I asked this question yesterday, and I think I have come up with an (albeit incomplete) proof of my own that I want to complete. The proof proceeds thus:
Given $x + y = xy$, we infer that $x, y$ are even. Hence, we can take $x = 2x_1$ and $y = 2y_1$ where $x_1, y_1 > 1$ [1]. Substituting this, we get $2x_1 + 2y_1 = 4x_1y_1 \implies x_1 + y_1 = 2x_1y_1$. Similarly, we see that $x_1, y_1$ are even [2] as well, which means $x_1 = 2x_2$ and $y_1 = 2y_2$. Substituting again, we get $x_2 + y_2 = 4x_2y_2$. This repeats infinitely, implying that $x, y$ are divisible by all powers of two. We know this is true only for $(0, 0)$. Hence, our only solutions are $(2, 2)$ and $(0,0)$.
I have the following problems with this proof, the list index refers to parts of the proof:
- Am I allowed to make such an assumption?
- What can I do about the case where $x_n, y_n$ are both odd? I've tried taking $x_1 = 2x_2 + 1$ and $y_1 = 2y_2 + 1$, but I get a contradiction ($x_2 + y_2 = -4x_2y_2$). So do I conclude they can't both be odd?
I am aware this is a triviality to solve using algebra, but I really want to understand the concept of infinite descent through this question.
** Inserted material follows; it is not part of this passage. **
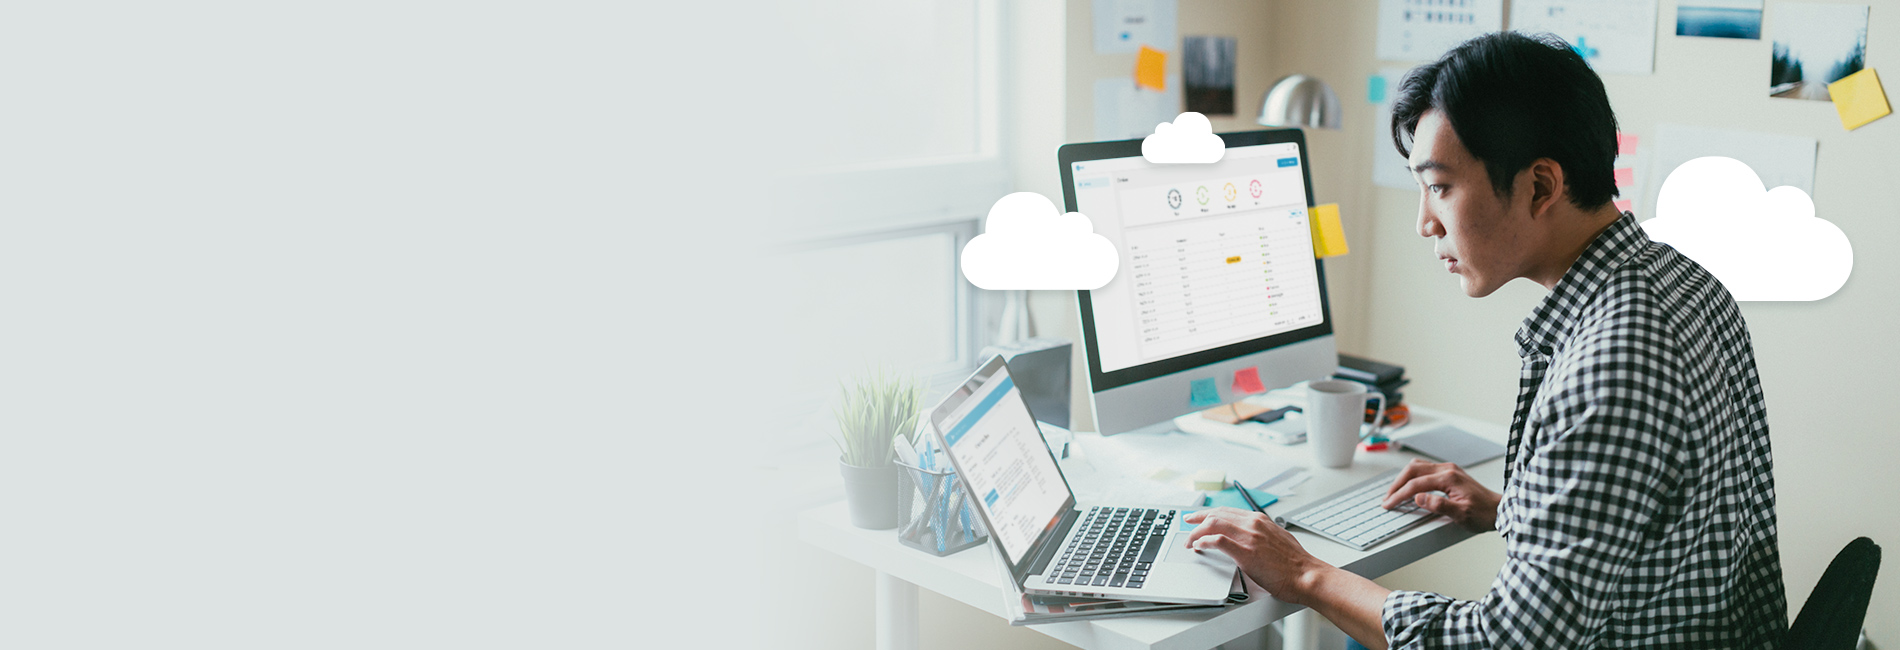 IT Professional managing meeting room audio on Nureva Console

The question admits of no solution via descent, as there is a single solution for $x,y>0$, not a series of hypothetical solutions that descend to one actual solution.
The starting equation is symmetrical in $x,y$. The trivial solution $(0,0)$ is available by inspection. For $x,y>0$, simple division by either $y$ or $x$ gives $$x=1+\frac{x}{y}\\ y=1+\frac{y}{x}$$ Since $x,y \in \mathbb Z$, it follows $\frac{x}{y},\frac{y}{x}\in \mathbb Z$
Together these imply both $x\ge y$ and $y\ge x$, whence $x=y$
Ergo $\frac{x}{y}=1,\frac{y}{x}=1$, and $x=2,y=2$